Are you wondering how the First Lady’s anti-obesity campaign might finally manifest itself on American children?  Well, we might look across the pond for a clue.  Could this be what we have to look forward to?


Today’s Daily Mail runs an outrageous story about five year-old Lucy who is, according to her mother, “sports mad, always full of energy and certainly not fat.”  In fact, Lucy might just be a model of childhood health.  Lucy’s weight is within the healthy range and her mother reports her daughter does ballet and cheerleading and enjoys playing outdoors and going with her family on regular walks.


But according to the British government’s near-Soviet sounding “National Child Measurement Programme,” poor Lucy is fat and unhealthy. 


The article states: 



Five-year-old Lucy Davies’ parents had no concern about her health.  But when she was examined at school as part of a Government initiative to turn the rising tide of obesity, they were shocked to be told that she was ‘overweight and unhealthy.’  They said Lucy may have an increased risk of heart disease, diabetes, high blood pressure and cancer as her body mass index (BMI) was outside recommended guidelines by just one per cent. 

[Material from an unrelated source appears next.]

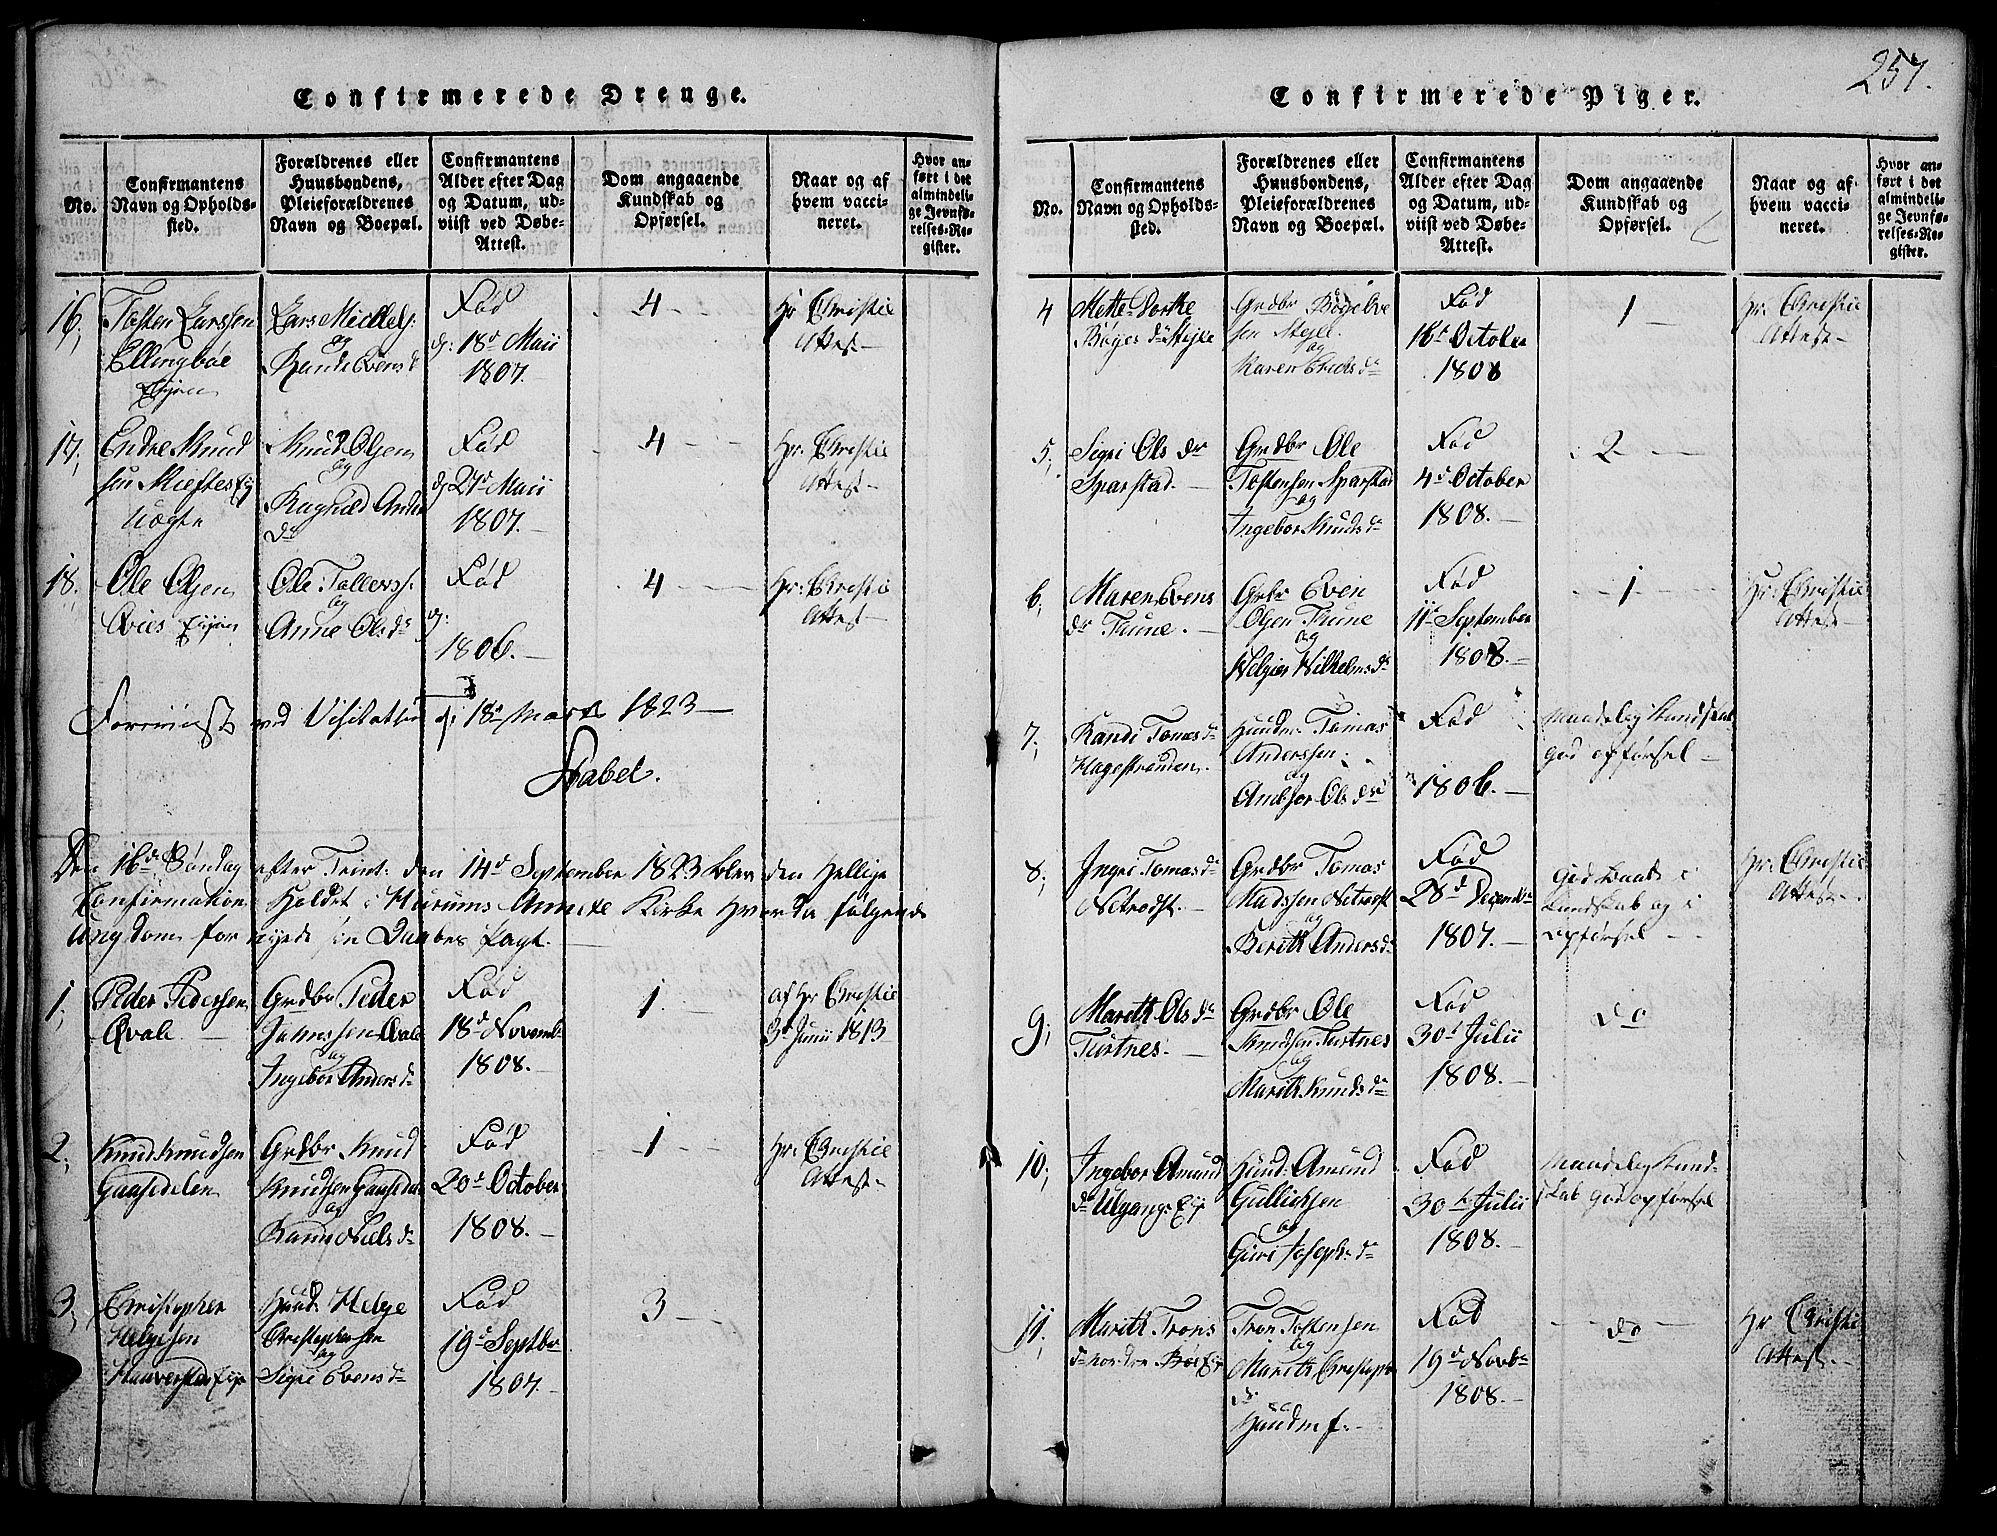 SAH, Vang prestekontor, Valdres, Klokkerbok nr. 2, 1814-1889, s. 257

Lucy is 3ft 9ins tall and weighs 3st 9lbs [42 pounds]- which is itself within the recommended healthy range for a five-year-old child. Her mother, Susan Davies, 38, said she was shocked by the letter she and husband Tony were sent about their daughter’s weight. 


‘I couldn’t believe what I was reading,’ she said.  Lucy is five-years-old and not fat in the slightest. She shouldn’t even be thinking about her weight at her age.  ‘I want her to be running around playing and having fun, not worrying about what she looks like.’ 

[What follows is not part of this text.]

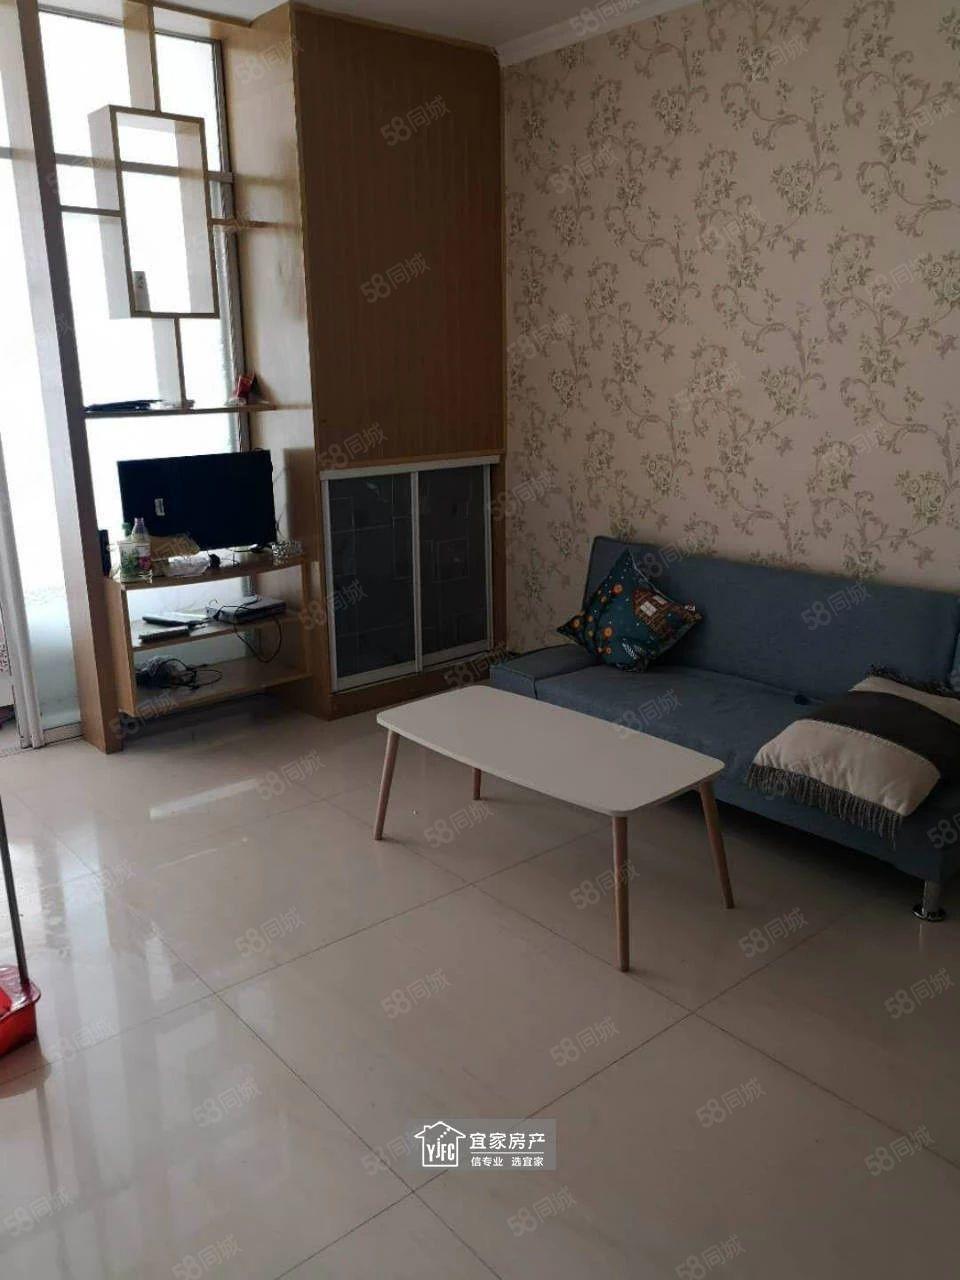 龙翔公寓标准一室一厅户型好采光无限
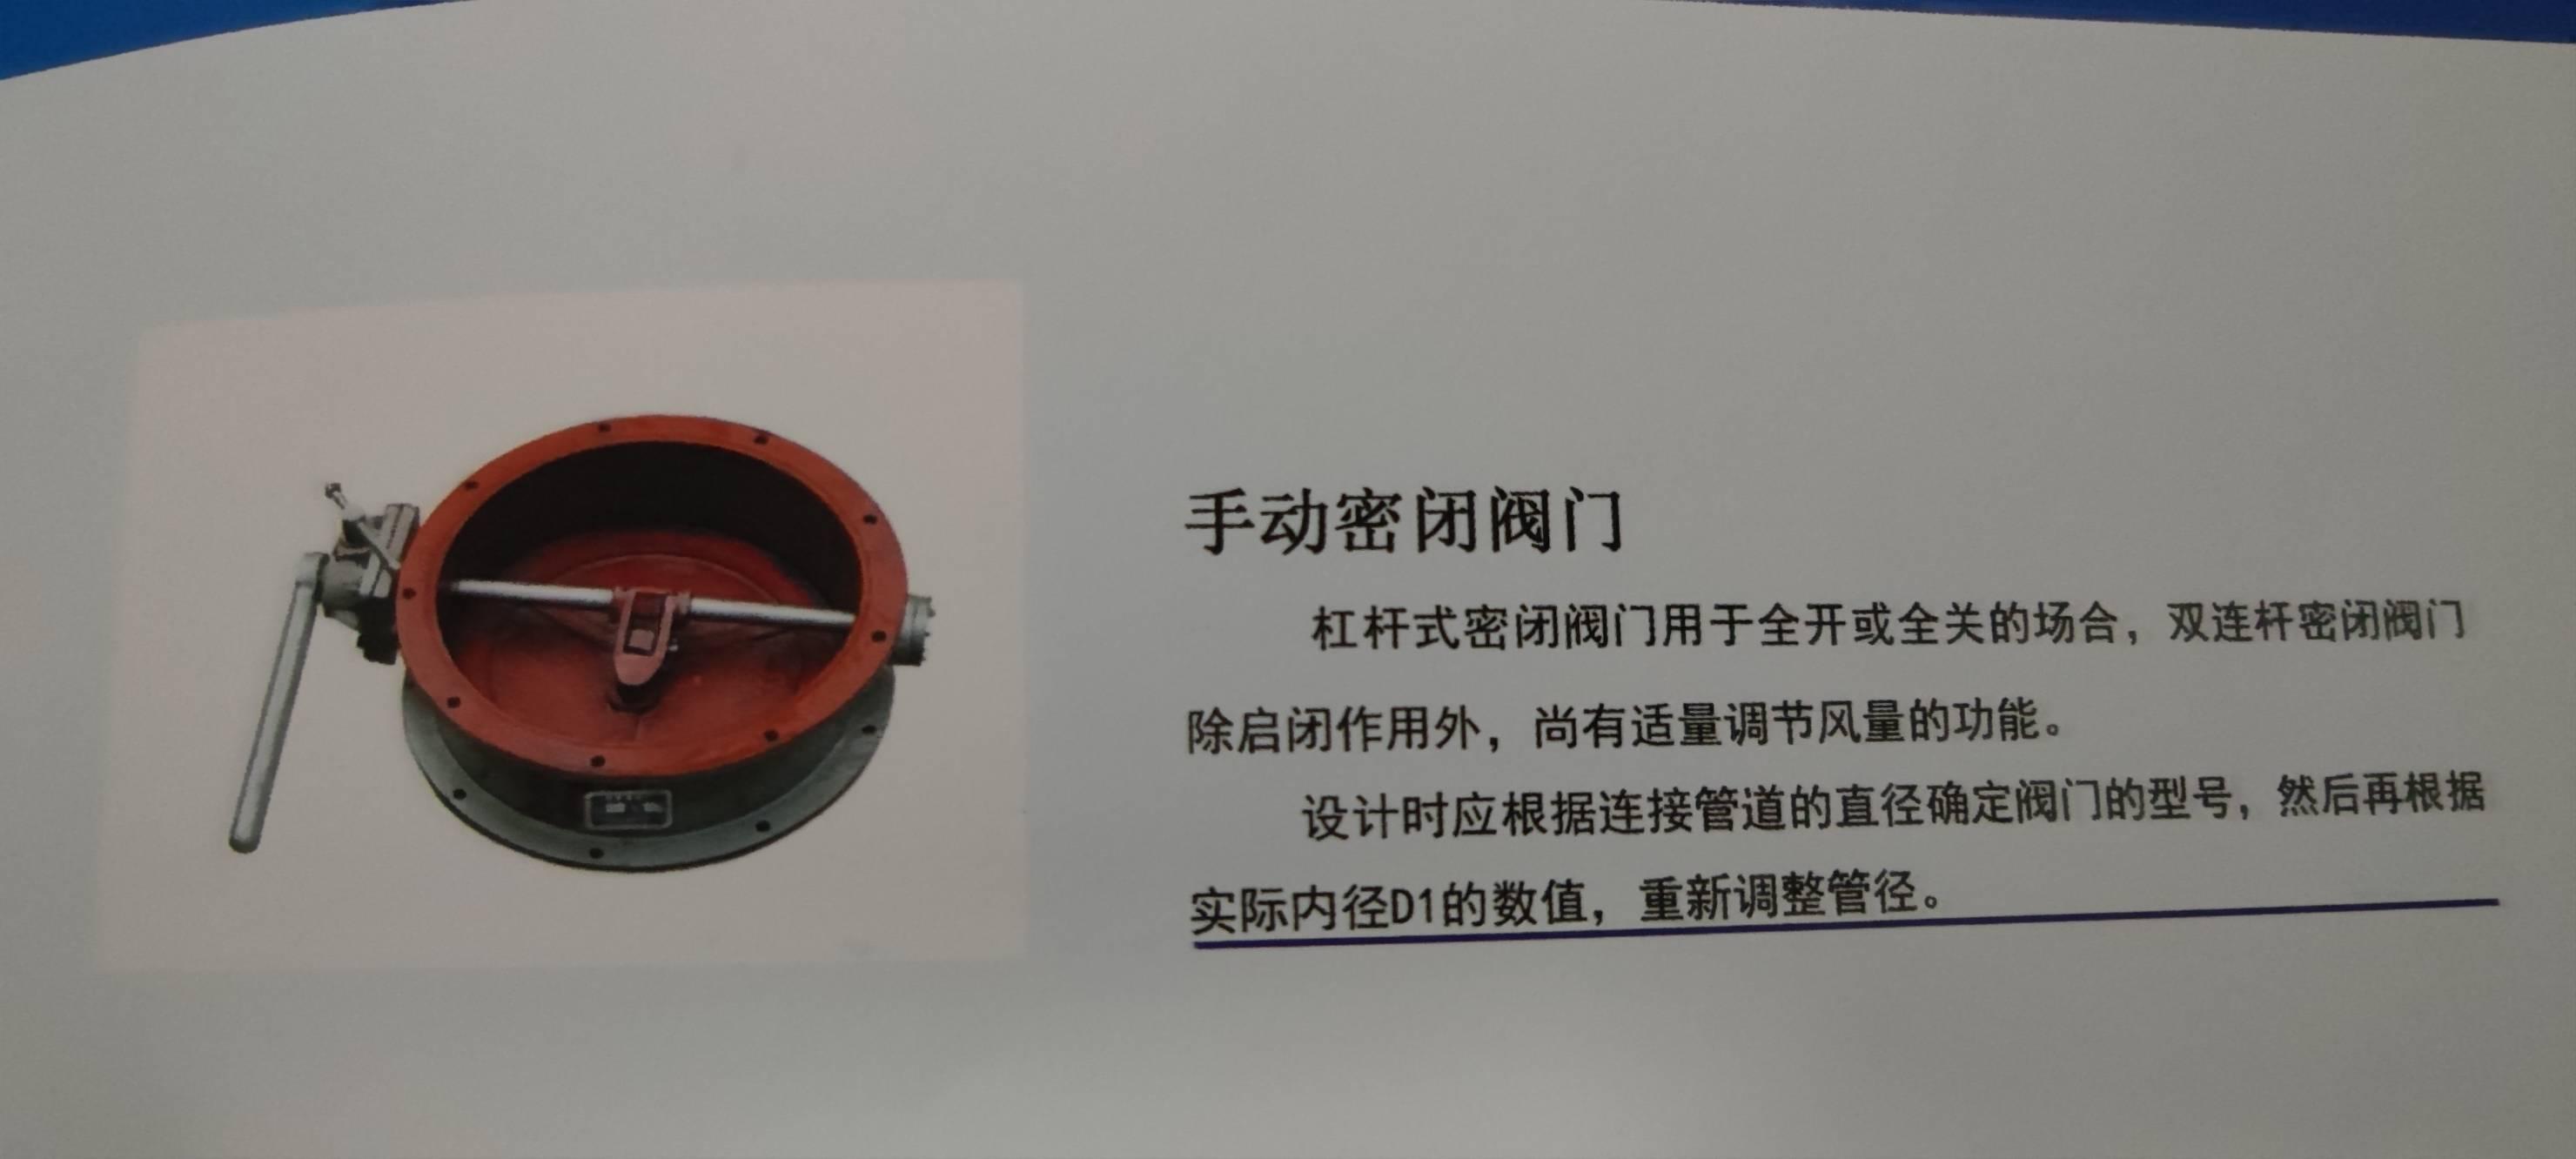 人防设备中防爆地漏安装时要注意的事项

National Child Measurement Programme is being carried out in schools across the UK and results are calculated by taking into account height, weight and age.  Mrs Davies, a mother-of-four from Poole, Dorset, received the letter which said: ‘The results suggest your child is overweight.’  It added that this can have ‘implications on health and wellbeing’ and listed a catalogue of serious medical conditions her daughter may later suffer from.